More Compute Power Doesn’t Produce AGI
Naval: The artificial general intelligence crew gets it completely wrong, too: “Just add more compute power and you’ll get intelligence,” when we don’t know what it is underneath that makes us creative and allows us to come up with good explanations.
People talk a lot about GPT-3, the text-matching engine that OpenAI put out, which is a very impressive piece of software. They say, “Hey, I can use GPT-3 to generate great tweets.” That’s because, first, as a human you’re selecting the good tweets out of all the garbage that it generates. Second, it’s using some combination of plagiarism and synonym matching and so on to come up with plausible sounding stuff.
The easiest way to see that what it’s generating doesn’t actually make any sense is to ask it a follow-up question. Take a GPT-3 generated output and ask it, “Why is that the case?” Or make a prediction based on that and watch it completely fall apart because there’s no underlying explanation.
It’s parroting.
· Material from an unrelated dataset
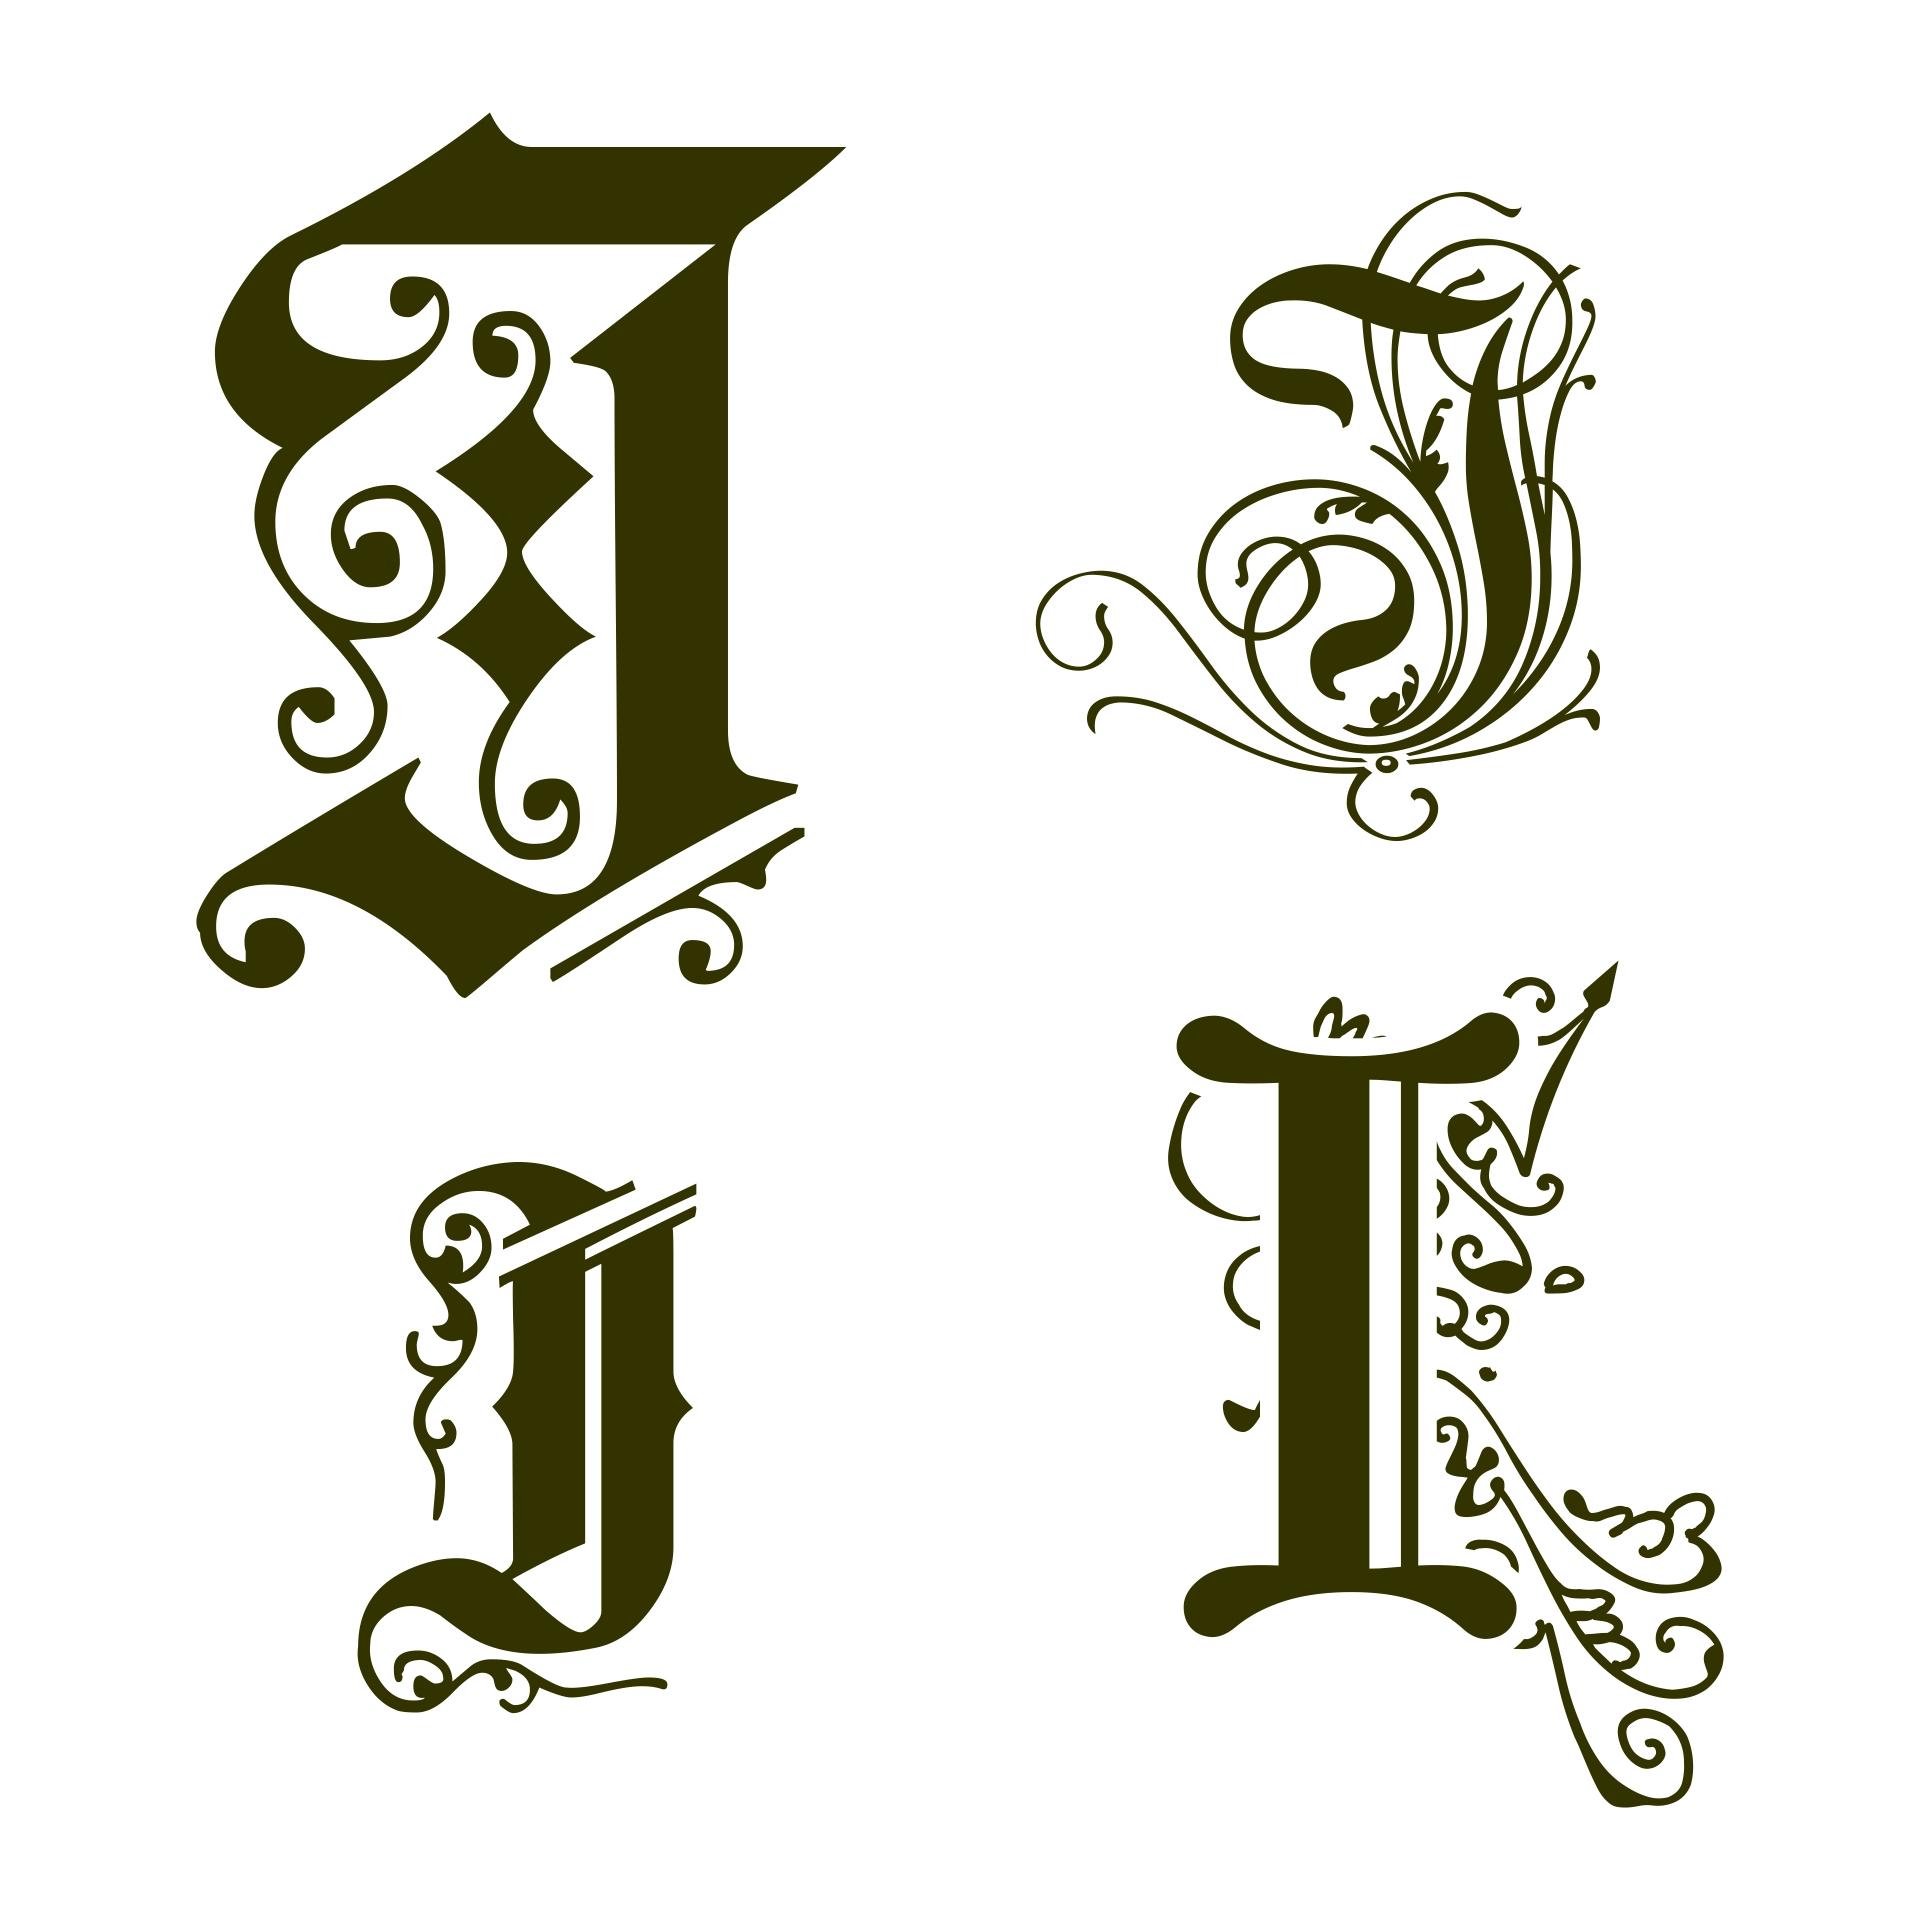 Illuminated Manuscript Letter I

It’s brilliant Bayesian reasoning. It’s extrapolating from what it already sees out there generated by humans on the web, but it doesn’t have an underlying model of reality that can explain the seen in terms of the unseen. And I think that’s critical.
That is what humans do uniquely that no other creature, no other computer, no other intelligence—biological or artificial—that we have ever encountered does.
And not only do we do it uniquely, but if we were to meet an alien species that also had the power to generate these good explanations, there is no explanation that they could generate that we could not understand.
We are maximally capable of understanding. There is no concept out there that is possible in this physical reality that a human being, given sufficient time and resources and education, could not understand.